December 15, 2007|By BOB KESSLER

We all know that it is important to remove ice and snow from walkways to prevent injury. However, we often forget the damage that some materials we use to melt ice can do to plants and the environment.

For years, we used rock salt to melt ice on roadways and sidewalks. We have all seen the rusty bridges, guardrails and brown evergreen trees caused by using rock salt.

While the salt might be OK for roads, we need to be careful what we use around plants. Rock salt is sodium chloride. It will damage plants and leach into soil and affect plant roots.

A better alternative around plants is to use calcium chloride. As it comes in contact with snow and ice, it gives off heat and is more effective than salt at low temperatures. It is better around plants because it has calcium as an ingredient rather than sodium, which is harmful to plants. Be careful of tracking calcium chloride into the house as it can leave white residue on carpeted floors.


There are other materials that can be used to reduce the problem of slippery sidewalks. Some people will use sand, grit, sawdust, bird seed or cat littler to prevent slipping. In some situations, these products are easier on the environment than other materials you can select from.

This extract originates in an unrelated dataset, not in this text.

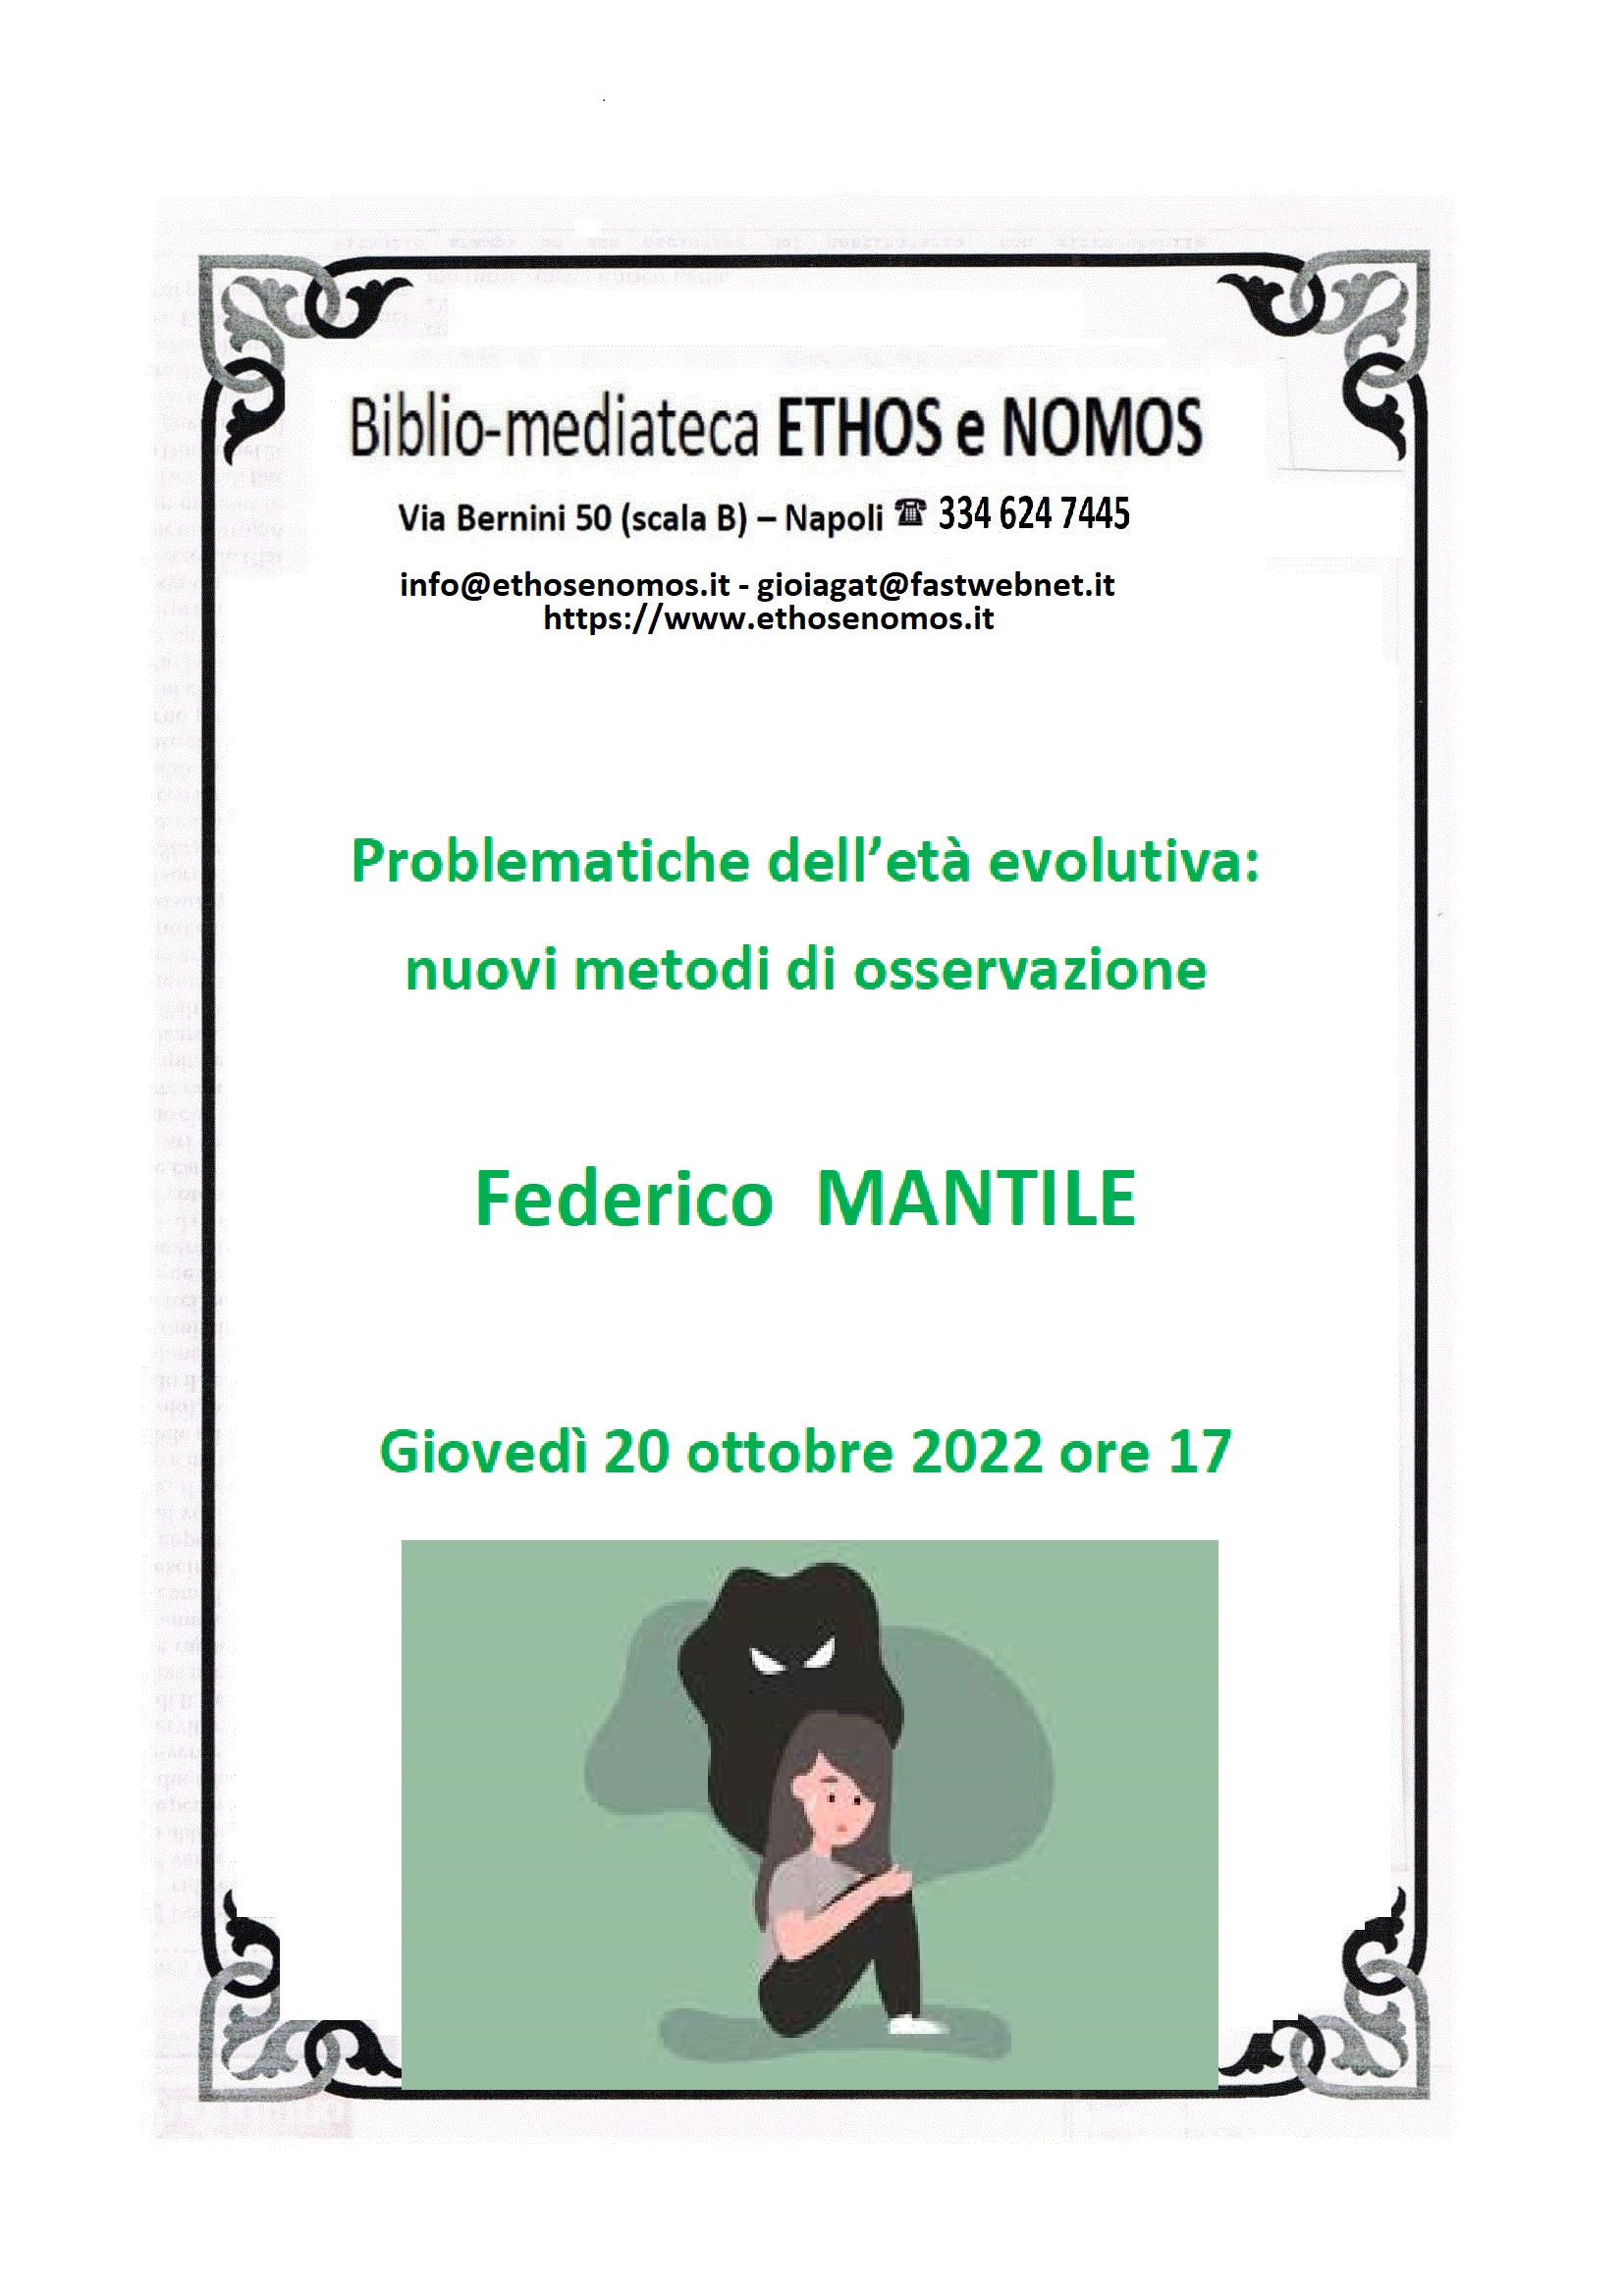 Federico MANTILE - Problematiche dell’età evolutiva: nuovi metodi di osservazione
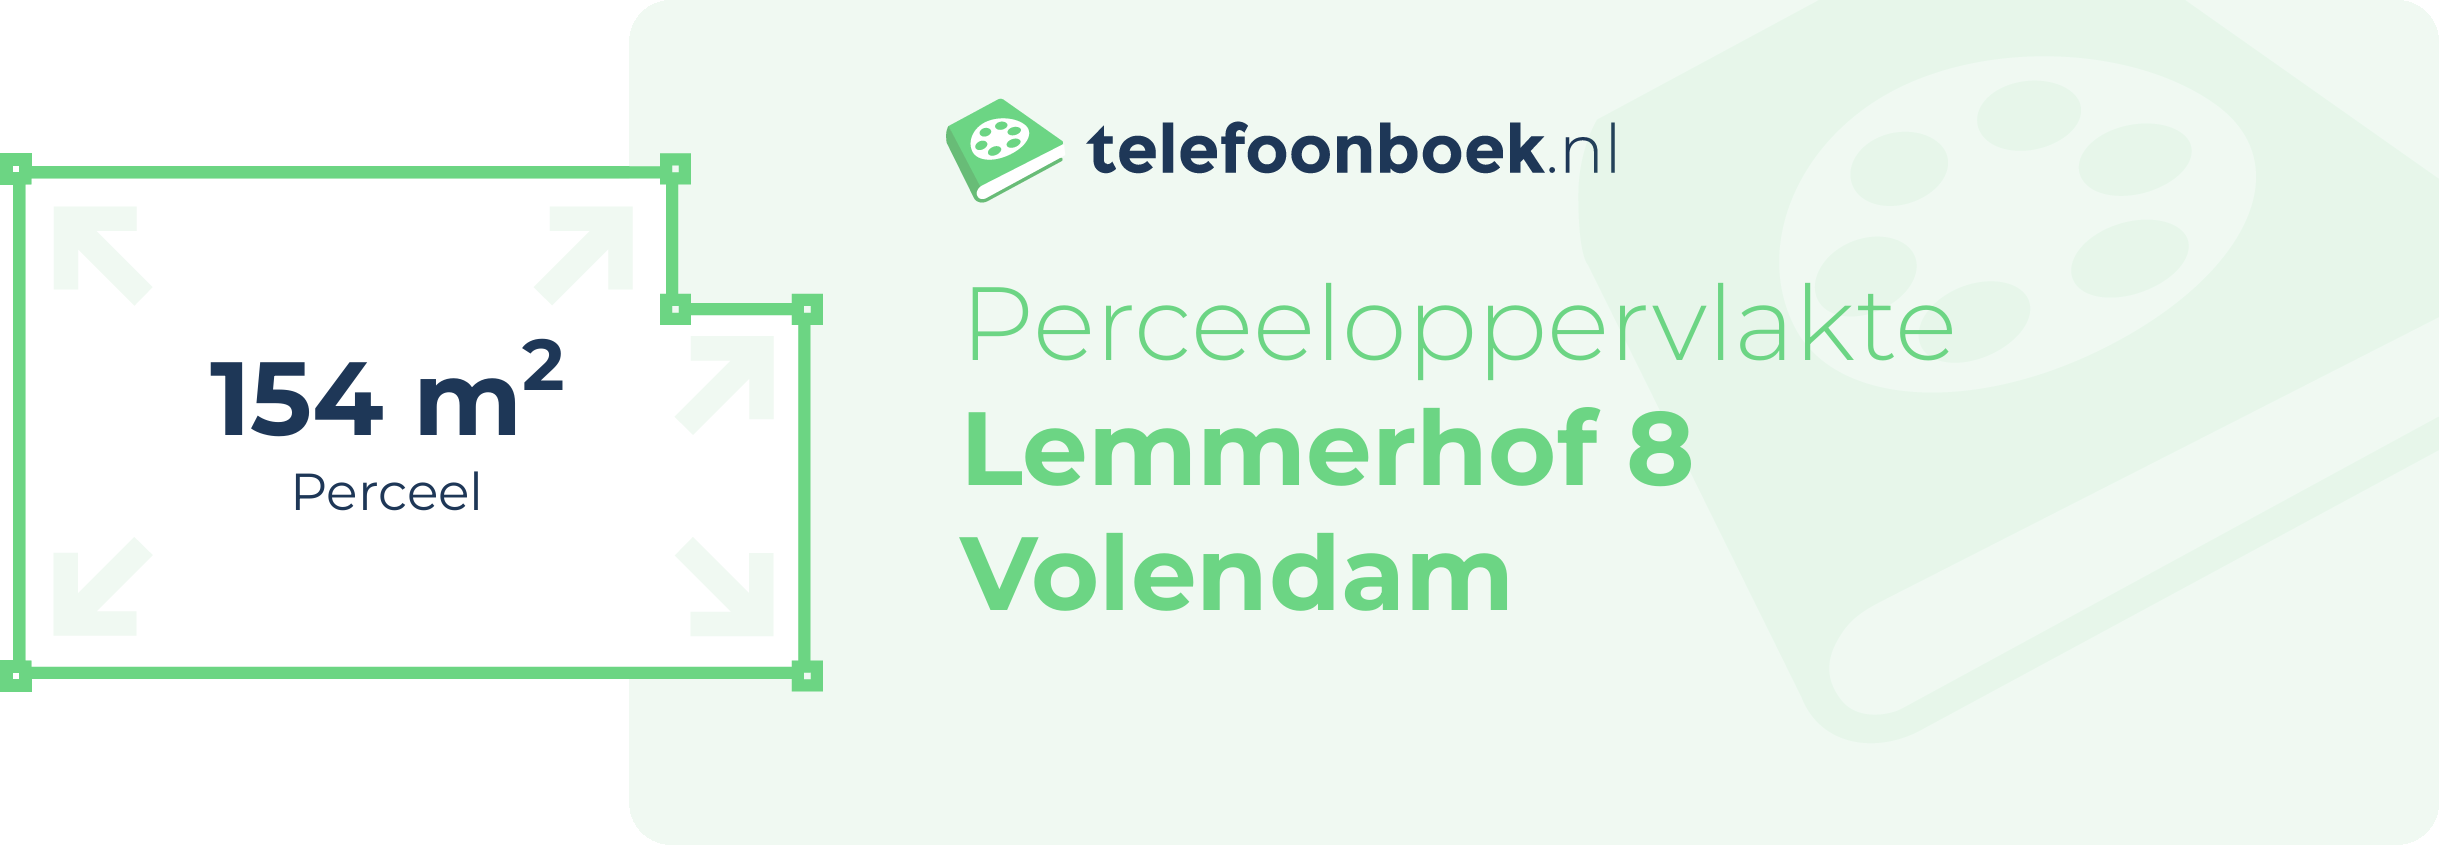 Perceeloppervlakte Lemmerhof 8 Volendam

Please, do not use fertilizer, especially urea fertilizer. It will melt snow and ice, but the nitrogen gets carried off by the melting ice and snow, and the nitrogen can end up in waterways and eventually the Chesapeake Bay.

Whichever material is used as deicer, we still need to shovel once the deicer has done its job.

Bob Kessler is an extension agent for Penn State University and is based in Franklin County, Pa.